Saturday, May 27, 2017

Improved measurement of Exchange Market Pressure (EMP)

by Ila Patnaik, Josh Felman, Ajay Shah.

Exchange rates vs. exchange market pressure


Changes in the exchange rate are very visible. But is the apparent change in the exchange rate a fair depiction of the pressure on the currency market? As an example, consider China's story with the exchange rate:

Figure 1: China's monthly exchange rate returns (upper) and foreign exchange reserves (lower)

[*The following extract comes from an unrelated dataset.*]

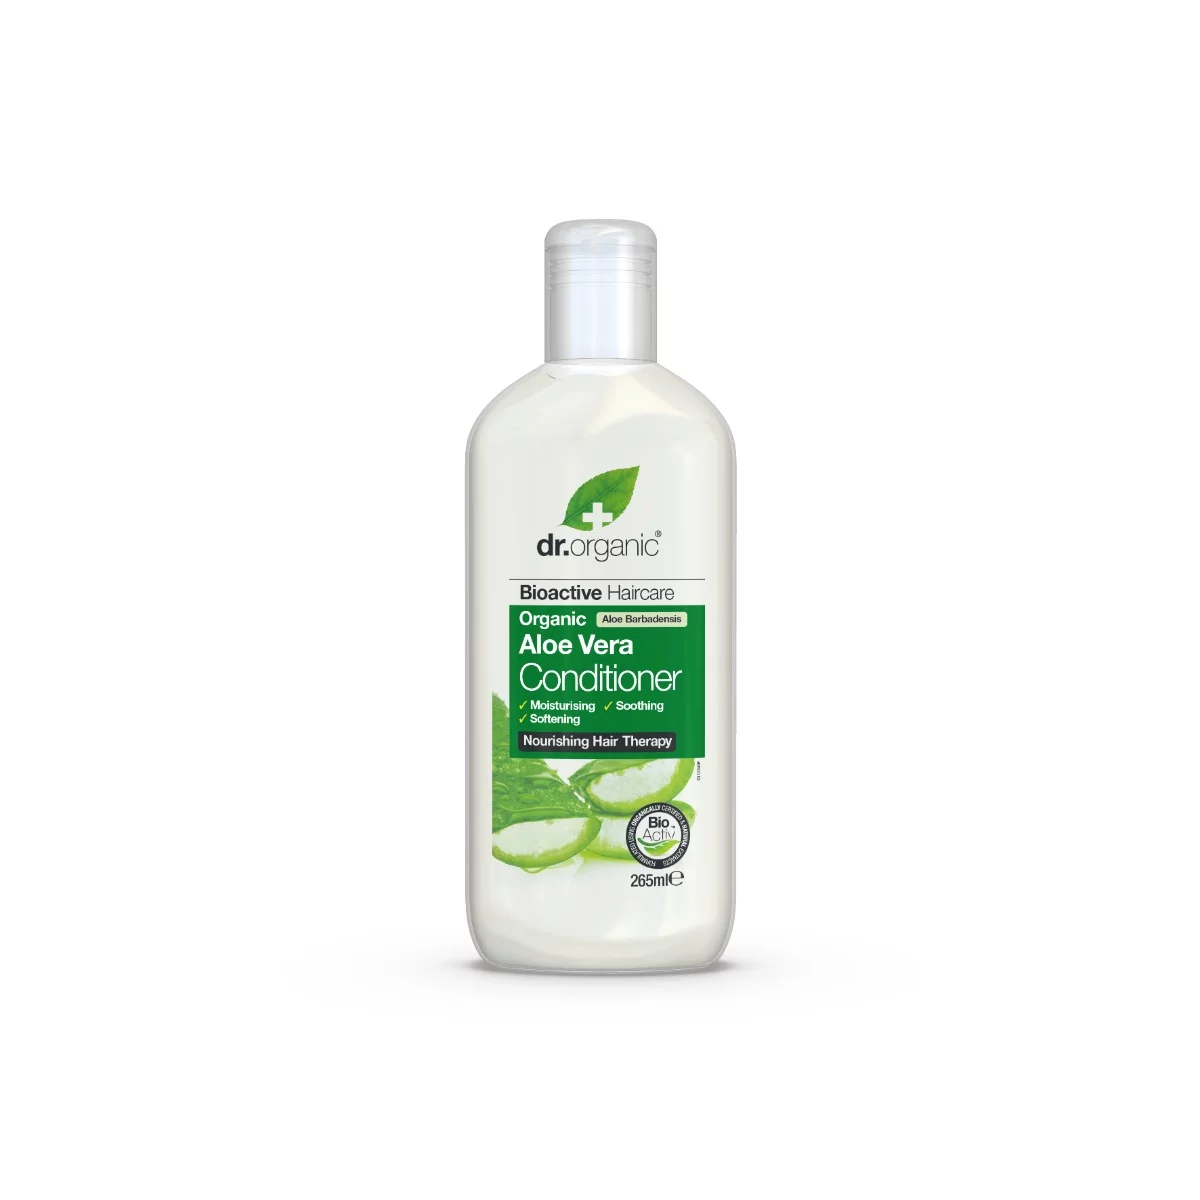 Dr. Organic Bioactive Haircare tápláló hajkondicionáló bioaktív aloe verával 265 ml

The upper panel is monthly returns on the CNY/USD. Positive returns are depreciations and vice versa.  We see large periods of zero change separated by a few months in which there was an appreciation. Does this mean that in the long periods of zero change in the exchange rate, the currency market was quiescent? No. This is a period in which the Chinese central bank was trading in the currency market on a large scale. As the graph of their foreign exchange reserves shows, they went from \$0.4T in 2004 to \$1.9T in 2009. There was a lot of pressure on the currency to appreciate. What we see, as zero or small negative returns, understates the true story.

In order to address this problem, economists aspire to construct a measure of `exchange market pressure' (EMP), which would show the true conditions on the currency market in each month. To borrow a phrase from Amit Varma's podcast, there's an important difference here between the seen and the unseen. The apparent exchange rate change is what we see. What's really going on, in terms of the macroeconomic situation on the currency market, is the exchange rate pressure.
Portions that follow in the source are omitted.